(AIM OF THE TASK)
There is one span to output from the data below: the lines starting at the line with "Colorful MacBook keyboard with light feat" and ending at the line with "Personalized Pillowcase (We". Output it exactly, ends included, nothing more.

(INPUT)
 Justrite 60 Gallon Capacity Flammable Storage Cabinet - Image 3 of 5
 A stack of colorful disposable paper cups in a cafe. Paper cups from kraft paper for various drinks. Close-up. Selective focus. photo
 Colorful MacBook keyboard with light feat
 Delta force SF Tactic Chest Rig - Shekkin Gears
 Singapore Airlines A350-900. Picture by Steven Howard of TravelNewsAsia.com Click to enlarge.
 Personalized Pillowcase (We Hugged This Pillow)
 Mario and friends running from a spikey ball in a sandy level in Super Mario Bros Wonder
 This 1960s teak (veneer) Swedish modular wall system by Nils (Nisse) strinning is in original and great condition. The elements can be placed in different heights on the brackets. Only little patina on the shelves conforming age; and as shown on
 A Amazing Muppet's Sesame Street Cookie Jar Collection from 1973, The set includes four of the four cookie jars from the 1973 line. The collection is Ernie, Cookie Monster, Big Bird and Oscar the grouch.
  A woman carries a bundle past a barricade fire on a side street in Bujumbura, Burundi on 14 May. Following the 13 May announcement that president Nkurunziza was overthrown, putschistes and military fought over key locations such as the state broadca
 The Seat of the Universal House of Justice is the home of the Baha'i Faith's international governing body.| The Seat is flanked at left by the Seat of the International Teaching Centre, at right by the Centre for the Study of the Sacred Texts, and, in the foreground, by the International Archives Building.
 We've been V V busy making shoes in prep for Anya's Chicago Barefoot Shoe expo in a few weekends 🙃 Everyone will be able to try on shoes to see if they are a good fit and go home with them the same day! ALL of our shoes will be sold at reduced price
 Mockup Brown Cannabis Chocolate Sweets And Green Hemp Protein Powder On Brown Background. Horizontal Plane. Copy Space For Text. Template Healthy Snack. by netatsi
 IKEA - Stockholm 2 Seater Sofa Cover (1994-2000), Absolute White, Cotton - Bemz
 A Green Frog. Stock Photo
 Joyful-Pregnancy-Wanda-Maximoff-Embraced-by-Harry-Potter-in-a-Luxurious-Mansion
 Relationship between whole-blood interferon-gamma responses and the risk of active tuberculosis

(SOLUTION TO THIS EXERCISE)
 Colorful MacBook keyboard with light feat
 Delta force SF Tactic Chest Rig - Shekkin Gears
 Singapore Airlines A350-900. Picture by Steven Howard of TravelNewsAsia.com Click to enlarge.
 Personalized Pillowcase (We Hugged This Pillow)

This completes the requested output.